SUBANG – ruangargumen.com | Rabu, 21 Januari 2026, bukan sekadar hari biasa di Aula Pemda Kabupaten Subang. Di sana, sebuah tombol reset baru saja ditekan. Pengurus Cabang Pergerakan Mahasiswa Islam Indonesia (PC PMII) Kabupaten Subang periode 2025–2026 resmi dilantik, menandai dimulainya babak baru di bawah komando Tohan Nursangkan.

Jika diibaratkan sebuah smartphone, pelantikan ini bukan cuma ganti casing, tapi software update total. Tohan, sang ketua terpilih, tidak ingin PMII Subang berjalan dengan "mode autopilot". Ia membawa energi baru bersama Lutfiatul Munawaroh, yang dipercaya memimpin sayap perempuan alias Korps PMII Puteri (KOPRI).

Stop Jadi NPC, Saatnya Jadi Main Character
Dalam pidato perdananya yang penuh tenaga, Tohan mengirim sinyal keras kepada seluruh kader: masa rebahan dan diam sudah habis. Ia menuntut kader PMII berhenti menjadi NPC (Non-Playable Character) yang hanya menonton perubahan, dan mulai mengambil peran utama.
“Apa yang menjadi potensi kita, harus kita ekspresikan. PMII harus hadir dengan gagasan, sikap kritis, dan kontribusi nyata untuk daerah,” tegas Tohan.
Bagi Tohan, pelantikan ini adalah momentum konsolidasi. Bayangkan sebuah tim esports yang sedang menyusun strategi ulang setelah musim turnamen yang panjang. Tohan menyerukan "evaluasi besar-besaran" terhadap gerakan mahasiswa.
“Terkhusus kepada kader, sudah saatnya kita melakukan evaluasi besar-besaran terhadap gerakan. Ini era baru PMII,” tambahnya.

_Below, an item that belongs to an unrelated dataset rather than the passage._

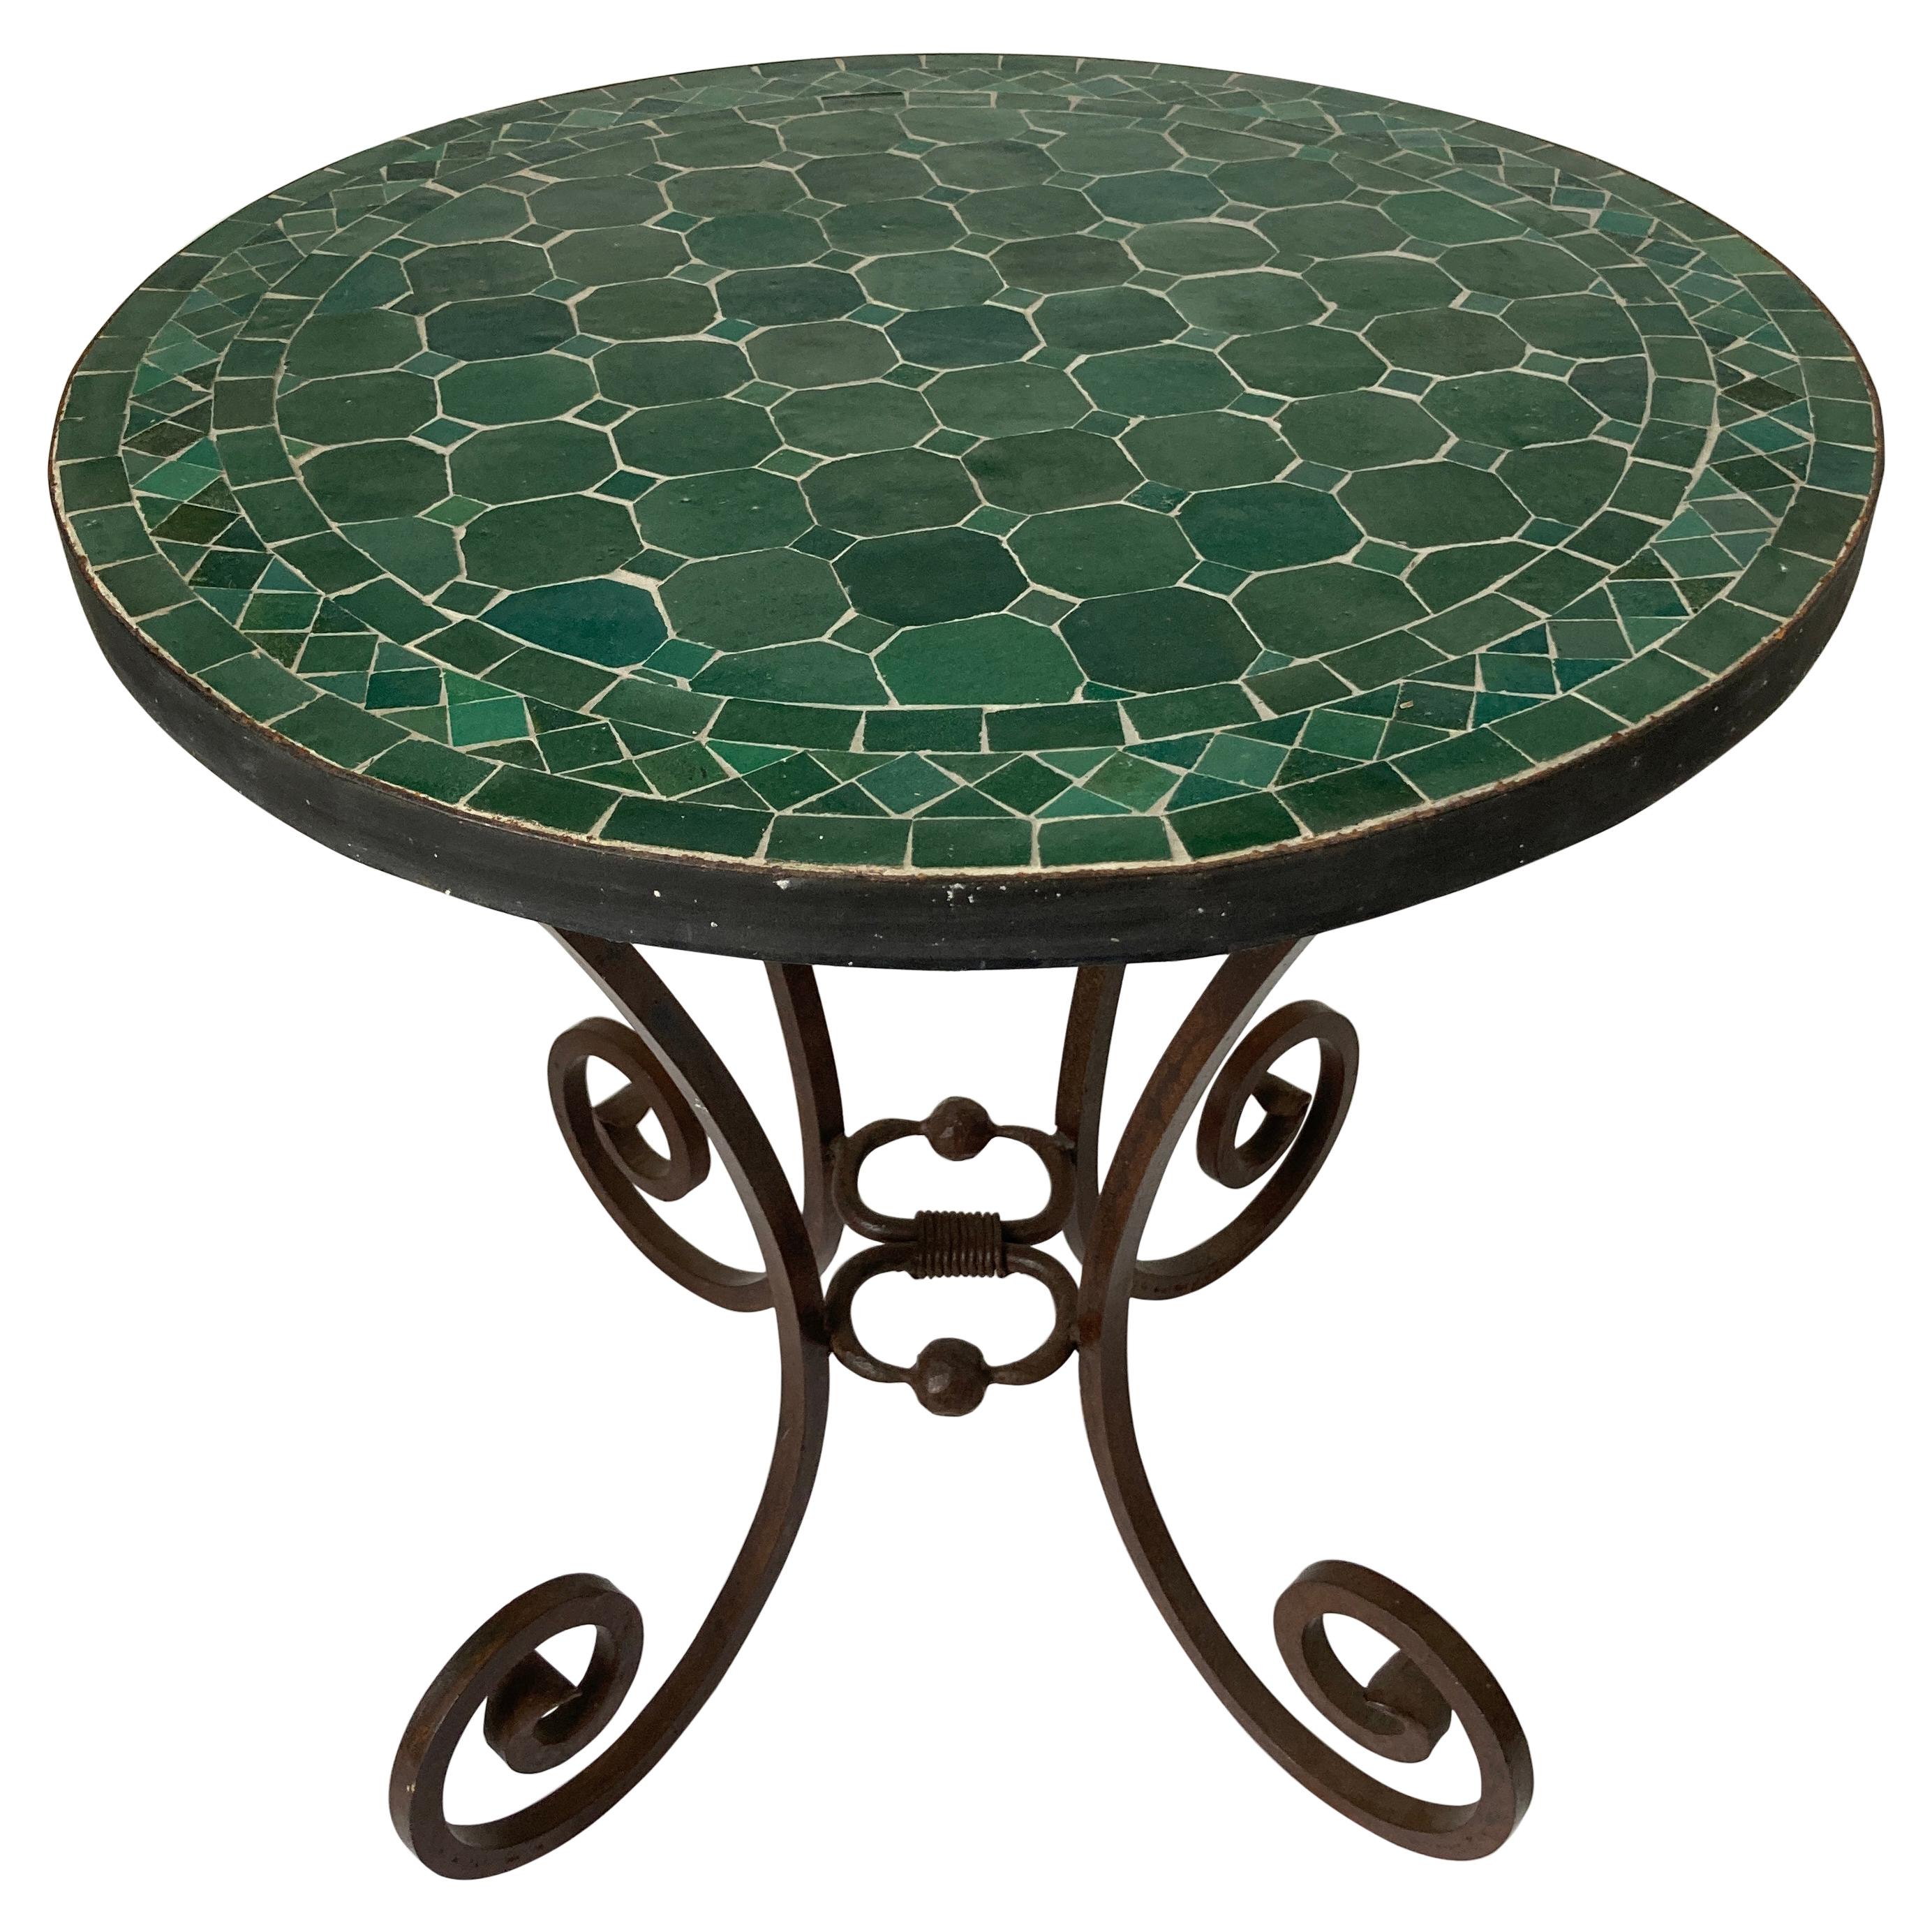 Moroccan Mosaic Tile Emerald Green Color Patio Table

Pesan ini jelas: PMII Subang ingin kembali ke akarnya sebagai "watchdog" kebijakan publik yang galak, sekaligus mitra pembangunan yang solutif.

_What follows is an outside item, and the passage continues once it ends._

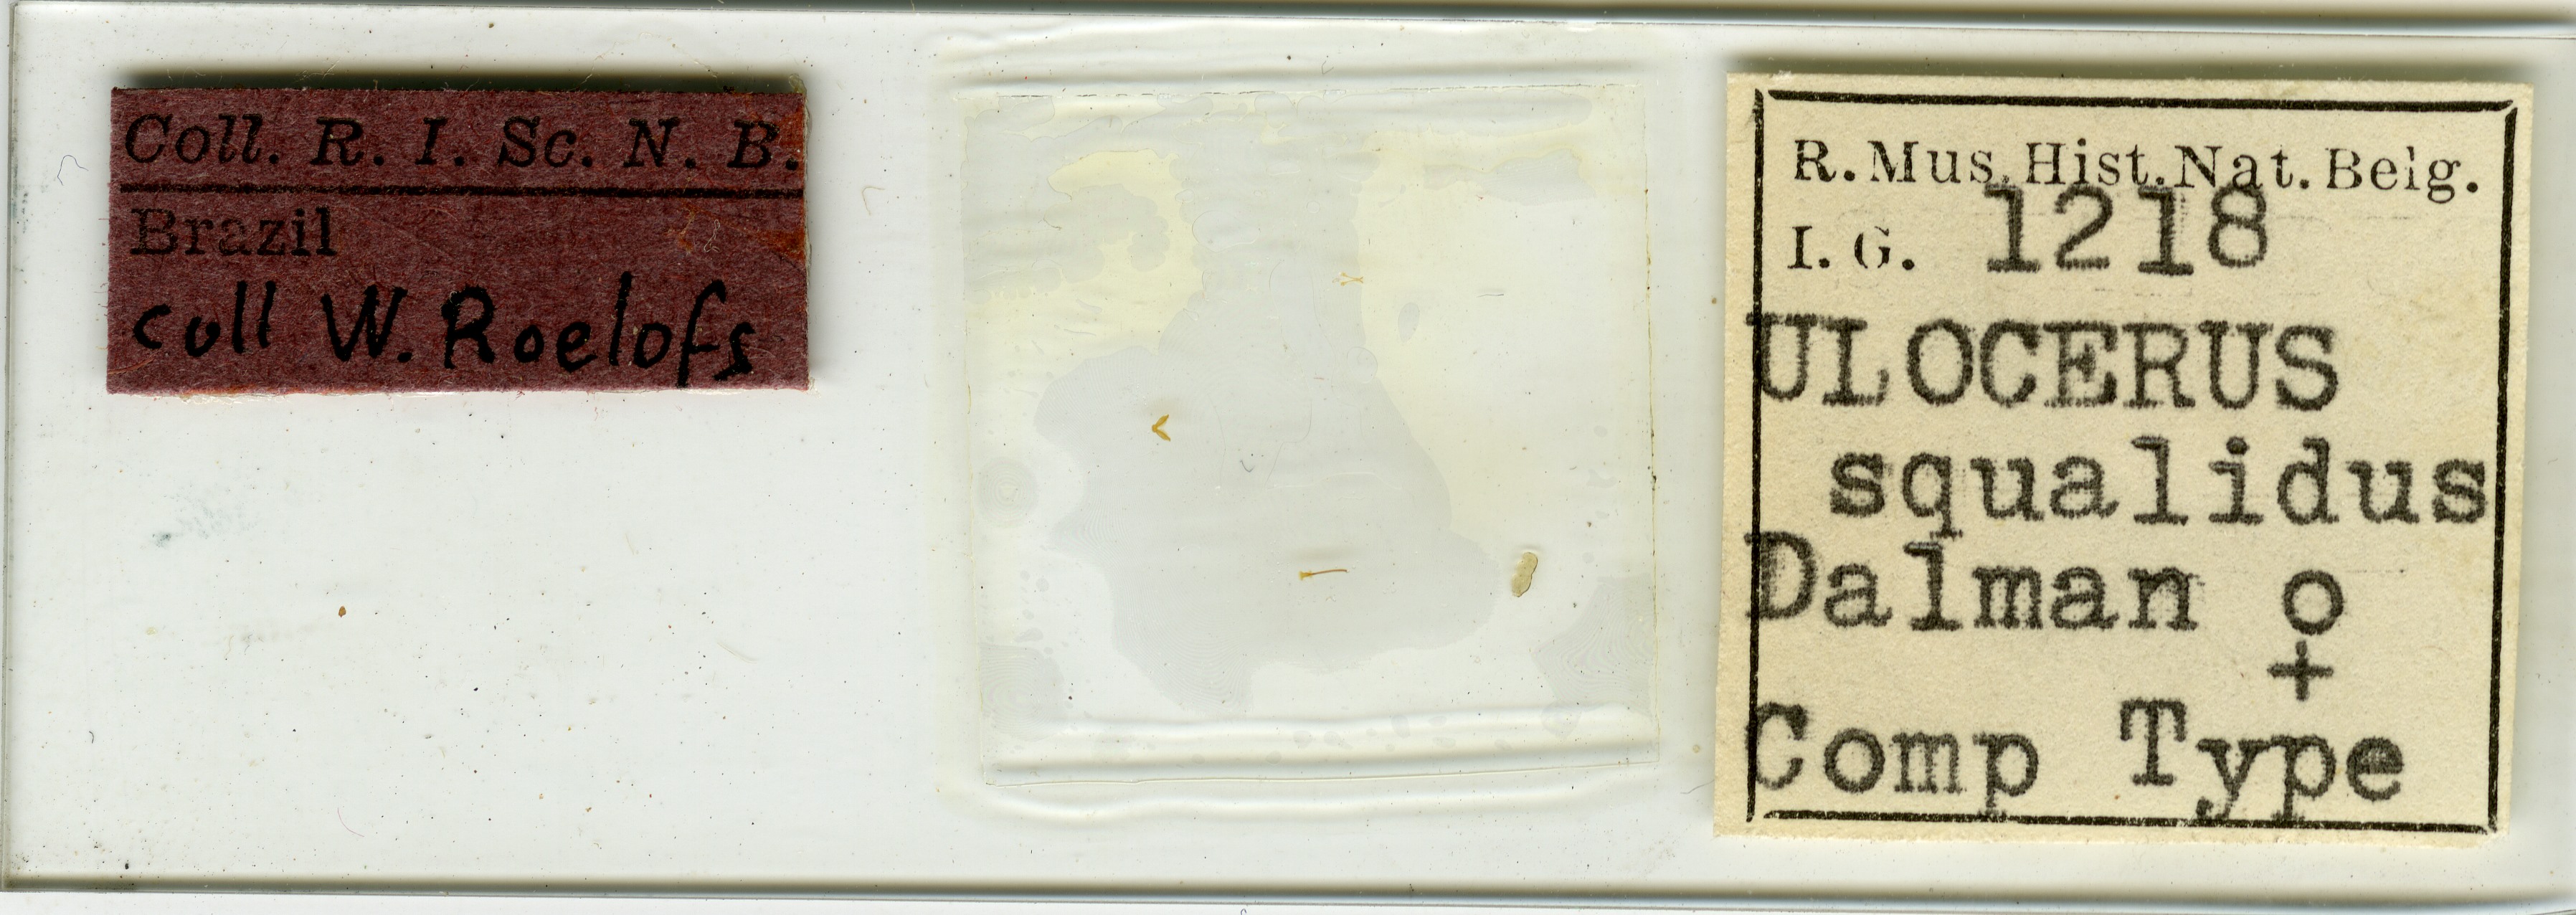 Ulocerus squalidus cotype Microscopic preparation.jpg

The Dream Team: Formasi 2025–2026
Untuk menjalankan misi berat ini, Tohan tidak sendirian. Ia didampingi oleh squad yang siap tempur di Badan Pengurus Harian (BPH). Berikut adalah motor penggerak PMII Subang satu tahun ke depan:
Kapten & Co-Kapten: Tohan Nursangkan (Ketua) didampingi trio Wakil Ketua: Sufyan Atssadzaaly, Muhammad Abdul Hakim, dan Yanto Sugiyanto.
Dapur Pacu (Sekretariat): Keken Sukender (Sekretaris) bersama Asep Nur Ahmad, Rio Nugraha Rifana, dan Udin Mulyana.
Manajemen Logistik (Bendahara): Ahmad Reza Mustofa dan Azis Maulana.
Sementara itu, di lini pemberdayaan perempuan, KOPRI dipimpin oleh Lutfiatul Munawaroh, dengan dukungan Marissah (Sekretaris) dan Nurul Hurril’in (Bendahara). Fokus mereka jelas: memastikan isu-isu perempuan tidak tenggelam dalam riuh politik daerah.
Fokus ke Depan: Upgrade Skill dan Koneksi
Struktur baru ini juga dilengkapi dengan biro-biro spesialis—semacam divisi khusus dalam sebuah perusahaan startup:
HRD-nya Organisasi (Kaderisasi): Aditya Ridwan Mulyadi & Putri Firdausy bertugas memastikan "stok" pemikir kritis tidak pernah habis.
Internal Audit (Aparatur): Salman Nur Yadin & Burhanudin Yusuf menjaga kerapian "rumah tangga" organisasi.
Humas & Networking: Octavian, Farhan Khoerul Fatihin, dan Eka Nurjanah menjadi jembatan komunikasi ke dunia luar.
Dengan komposisi ini, PC PMII Subang periode 2025–2026 berjanji tidak hanya akan menjadi organisasi papan nama. Mereka siap turun ke jalan, masuk ke ruang diskusi, dan mengawal Subang dengan nalar kritis.
Namun, tantangan terbesar bagi gerakan mahasiswa hari ini bukan hanya soal melawan ketidakadilan, tapi juga melawan apatisme generasinya sendiri.
Jika mahasiswa adalah "alarm" bagi masyarakat yang sedang tertidur lelap, apakah PMII Subang mampu membangunkan mereka, atau suaranya justru akan tenggelam dalam kebisingan media sosial?